(Original article in Japanese by Makoto Shibata was published for FinTech Journal on Oct. 9, 2025) https://www.sbbit.jp/article/fj/172629
The report examines recurring cases of fraudulent disclosure among startups, highlighted by the accounting scandal of a recently listed Japanese company that collapsed shortly after its IPO. Similar cases—such as inflated revenues through circular transactions, fictitious sales, premature revenue recognition, and misleading disclosures—demonstrate that financial misconduct is not isolated but systemic.
Why Fraud Repeats
The report identifies common underlying factors:
- Strong pressure to show rapid growth and achieve high valuations
- Lack of integrity in top management
- Weak internal controls and governance
- Inadequate responses to auditors
- Investor bias toward cutting-edge sectors such as AI or biotech
Fraud often begins even before IPO preparation and typically follows three patterns: revenue manipulation (e.g., circular transactions), exaggeration of business performance, and governance failures.
Key Investor Checkpoints
Investors—especially in growth-stage startups—should critically assess:
- Revenue credibility (e.g., circular flows, concentration of clients, cash collection evidence)

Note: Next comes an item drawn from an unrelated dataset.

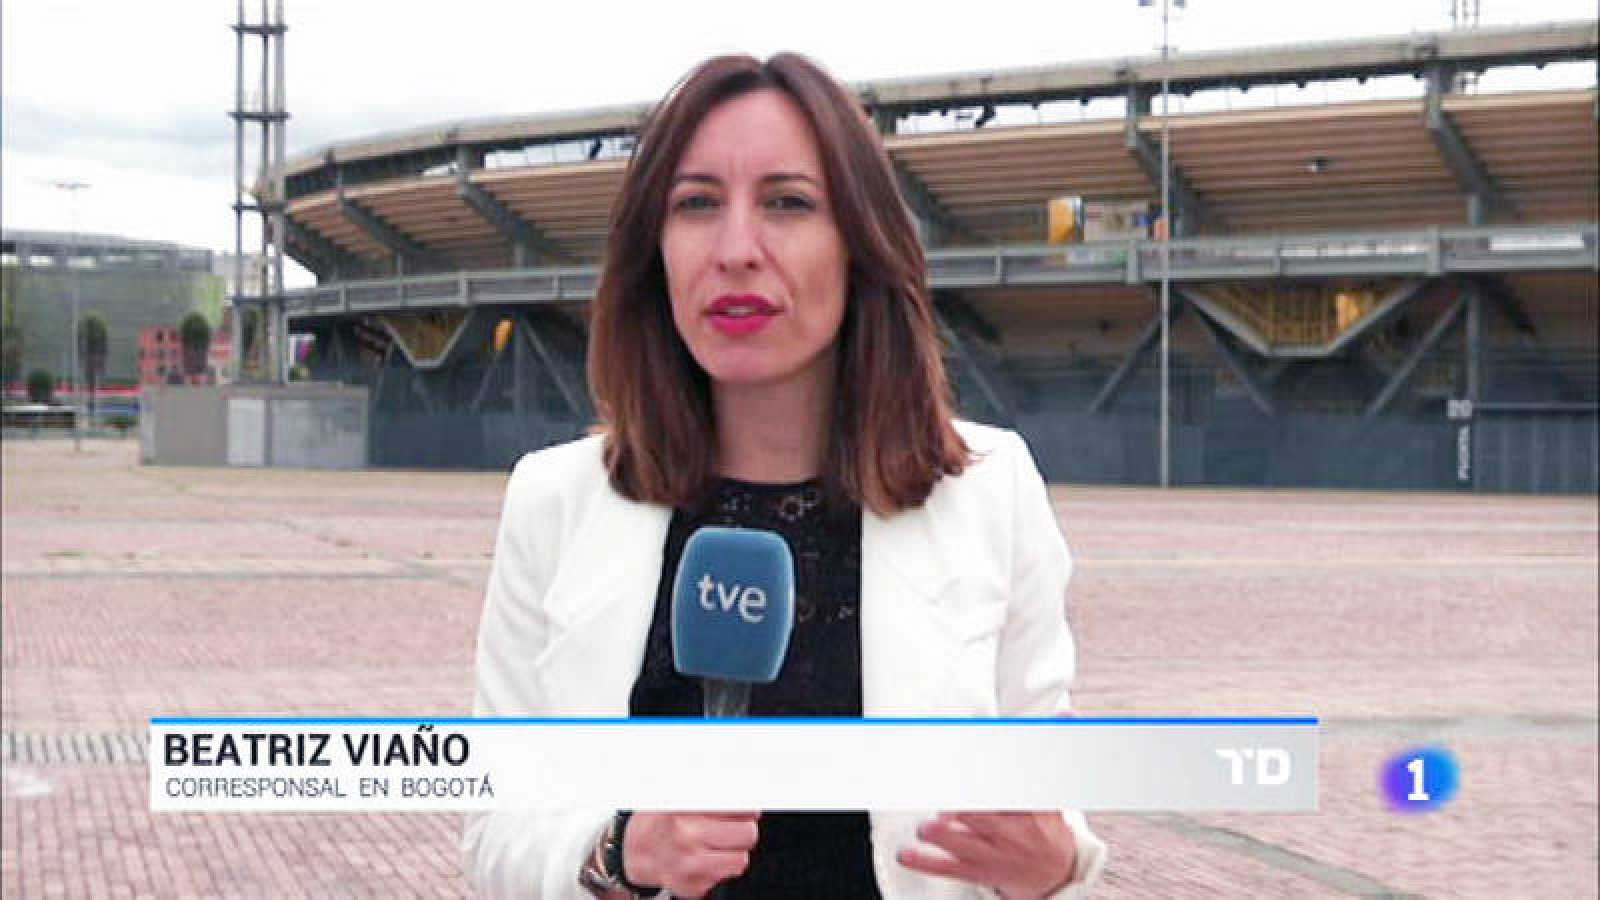 Beatriz Viaño, corresponsal de TVE en Bogotá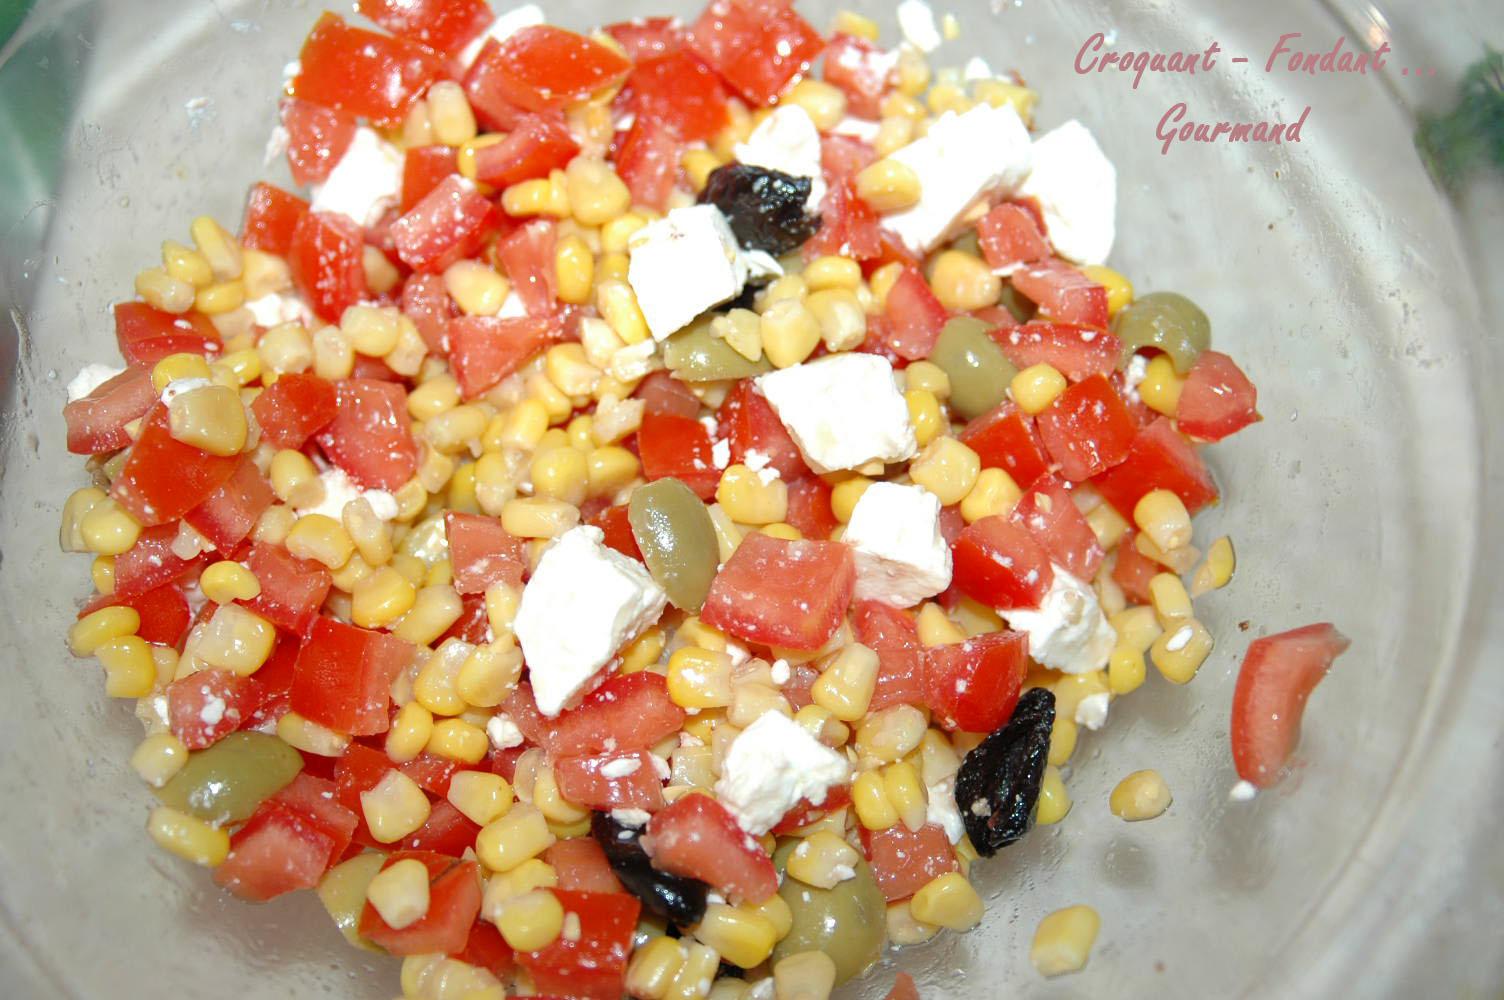 salade de ma 239 s dsc 2481 10642 croquant fondant gourmand

- Validity of technology and business claims
- Related-party transactions and goodwill accounting
- Strength of internal controls and audit quality
- Disclosure practices and management behavior
The report stresses that financial figures alone are insufficient; understanding the underlying business reality is essential.
Role of AI in Fraud Detection
Advances in AI are enabling earlier detection of fraud signals through:
- Automated analysis of contracts, invoices, and financial transactions
- Cross-checking external data (registries, news, credit data)
- Verification of scientific and technical claims via global databases
- Sentiment and consistency analysis of disclosures
- Continuous monitoring of news, social media, and business metrics
AI can generate risk scores, dashboards, and audit trails, improving transparency in investment decisions. However, it should be viewed as a “sensor” for early warning, not a definitive detector.
Implications for Startup Investment
The adoption of AI shifts the paradigm from post-fact detection to early-stage prevention of fraud. As regulatory reforms expand startup investment opportunities in Japan, enhancing disclosure reliability becomes increasingly important.
Going forward, investors will need to integrate not only financial data but also non-financial and societal impact metrics, supported by AI-driven analysis, to make more robust investment decisions.